Page 8 - Hardide-Annual-Report-2021
P. 8

 8 Chairman's and CEO's Report
CHAIRMAN’S AND CEO’S REPORT
We are pleased to report on our annual results for the 2021 financial year. Market recovery is demonstrated by the value of orders received during the second half of the year, which are a healthy 52% higher than in the first half. This improvement in order intake has been continuing from all sectors in the first months of FY22.
During the period, the Group raised net new financing of approximately £1.25m to increase cash reserves by way of an equity fundraising and CBILS loans.
The move to the new UK production site at Longlands Road in Bicester was concluded during the year and the final coating reactor was relocated following Airbus’ approval of the new facility. The new site provides the opportunity to benchmark our environmental performance and identify areas for further improvement.
 COVID-19
The Group has continued to operate throughout the pandemic. It has taken precautions to protect our employees, contractors and visitors at our UK and US sites. In the UK, where it was operationally appropriate to do so, the Group utilised the Government’s Coronavirus Job Retention Schemes to match our workforce to demand and protect employment. In the US, we received funds from the US Small Business Association’s ‘Paycheck Protection Programs’.
FINANCIAL RESULTS
The Group generated sales of £3.6m in the year ended 30 September 2021 (FY20: £4.8m).
The value of orders received during H2 FY21 was 52% higher than in H1 FY21, with the upward trend continuing into FY22.
Direct costs decreased by 6%, primarily due to the reduction in the amount of process gases used, as a consequence of the lower sales volume.
Group gross profit was £1.3m (FY20: £2.3m).
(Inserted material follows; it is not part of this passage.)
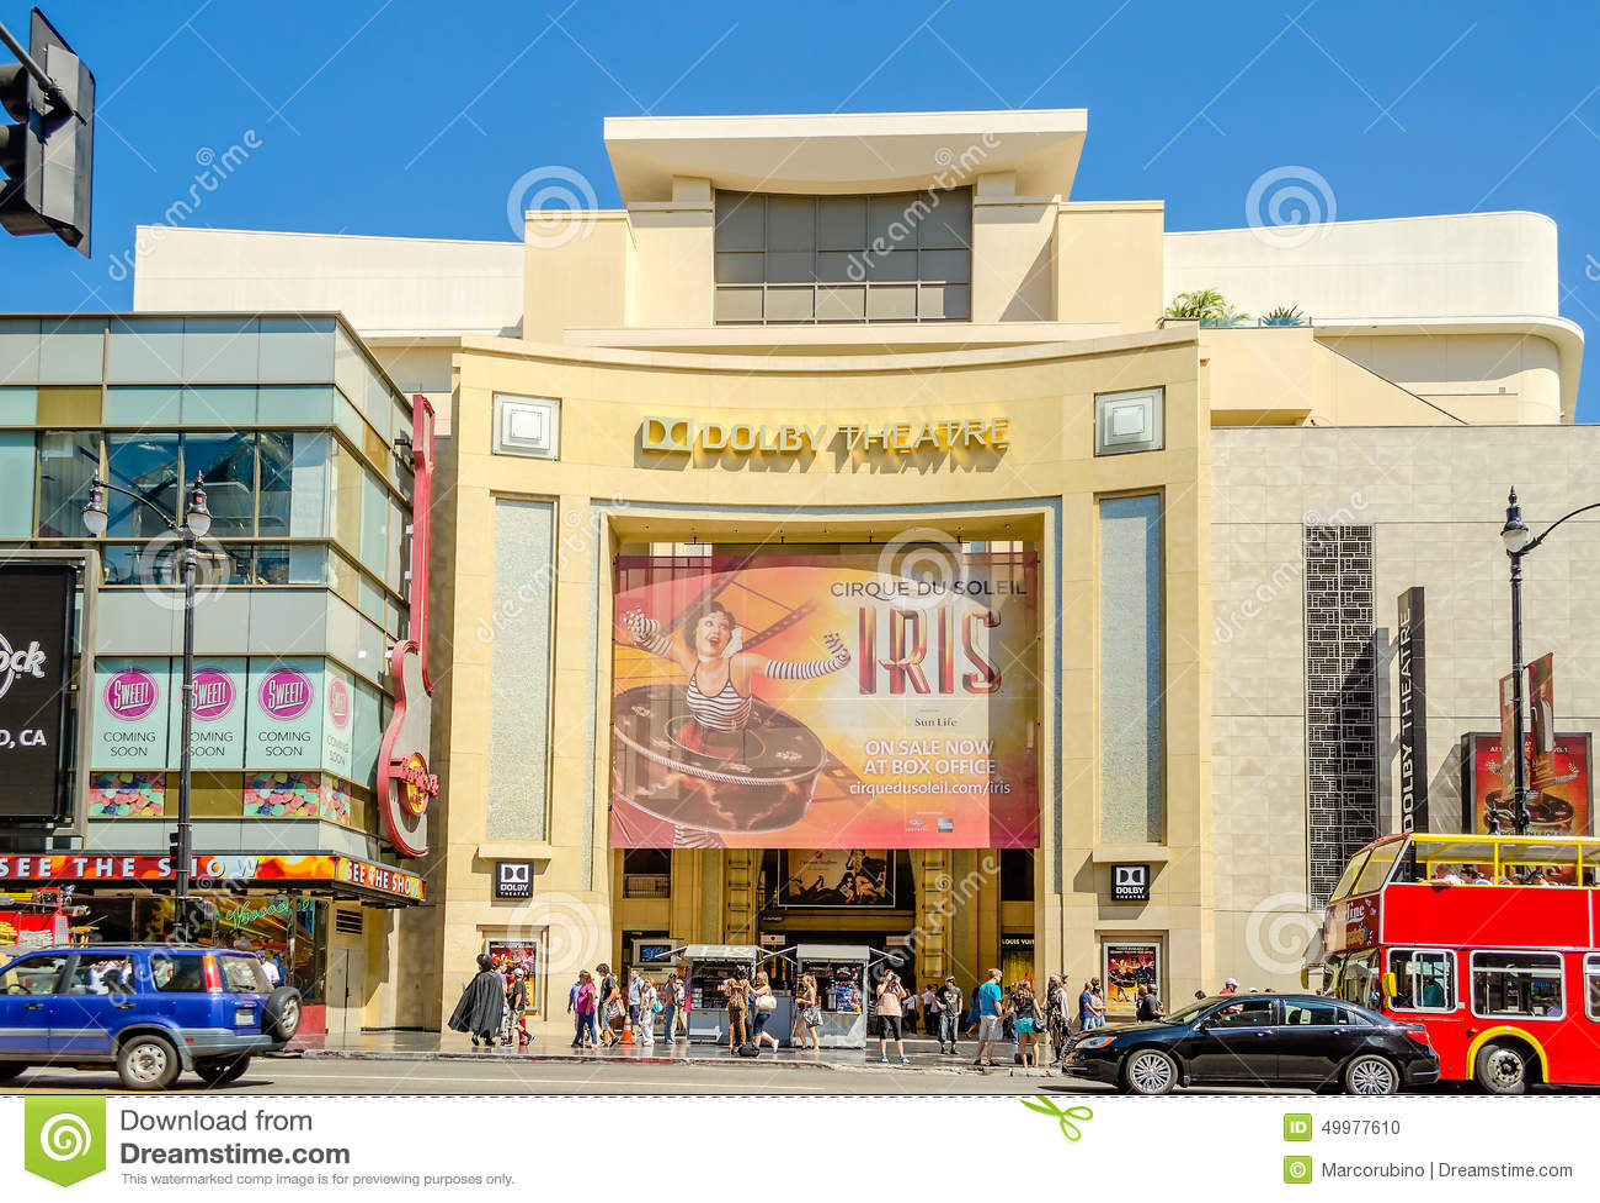 Dolby Theatre w Hollywood bulwarze, Los Angeles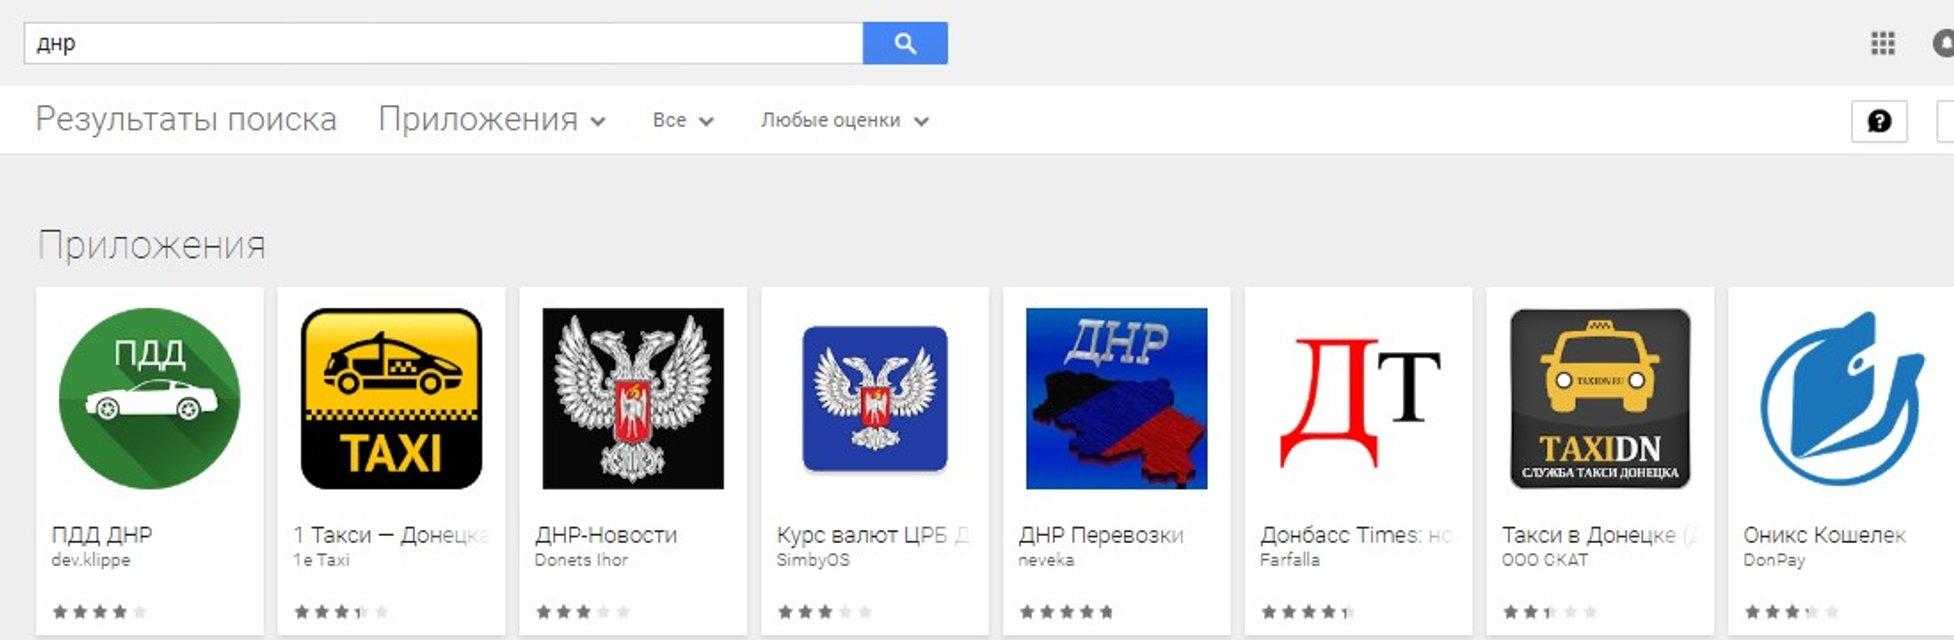 Гугл помогает террористам: в Google Play залили множество приложений для 'ДНР' и 'ЛНР' - фото 170954

Gross margin was 36% (FY20: 49%), the reduction being due to the fixed cost of sales (which mainly comprise production salaries) not decreasing in line with sales revenue.
Overhead costs, which are mainly staffing costs, increased by 1% in FY21 on the previous year. Both
years have benefitted to varying degrees from US government and UK COVID-19 government support programmes. Excluding the impact of these, overheads were in line with the previous year.
Before exceptional items, the Group’s EBITDA loss was £1.5m (FY20: £0.5m loss). This reflected the reduced revenue.
Borrowings increased from £0.5m in FY20 to £0.8m in FY21. Mainly this was due to the receipt of two CBILS loans in February and April 2021, each for £0.25m. The cash balance at the end of the financial year was £1.5m (FY20: £2.7m).
Net assets at 30 September 2021 were £6.9m (FY20: £8.8m).
OPERATIONAL OVERVIEW
Customers and Markets
Aerospace
Aerospace sales increased by 46%. Largely, this was due to demand from BAE Systems for the coating of parts for the Eurofighter Typhoon, together with small production orders from Airbus. The coating has been approved by Airbus for use on parts for the A320, A330, A380 and A400M aircraft and we expect to see orders for coating components for these aircraft during FY22.
The Group is now experiencing further and increased demand. Development projects are underway with
a wide range of aerospace customers, including manufacturers of landing gear and from MRO (Maintenance, Repair and Overhaul) companies. During FY21, the Group experienced a marked slowdown of
test programmes and commercial discussions, and in some cases their cessation. Now, many of these have restarted and are gathering pace.
We are still waiting for Airbus and their Tier 1 supplier to agree final arrangements that will allow a supply agreement to be signed between Hardide and the Tier 1. The timing of this is outside of our control,
but indications are that it should be soon. Other components for Airbus from other Tier 1 suppliers are not affected.
Leonardo Helicopters completed successfully the extended test programme of the transmission assembly incorporating Hardide-coated parts. This is the culmination of a long-standing project to develop a number of coating techniques for parts used in the transmission and rotor head systems to reduce ‘in- service’ costs and extend component life. Production orders are expected to begin in FY22.
The Group attended many virtual and some face-to- face aerospace-related conferences and exhibitions throughout FY21, thereby making new connections and identifying new applications with OEMs and Tier 1 suppliers. The Group plans to exhibit at the Singapore Airshow in February 2022 and at the Farnborough Airshow in July 2022.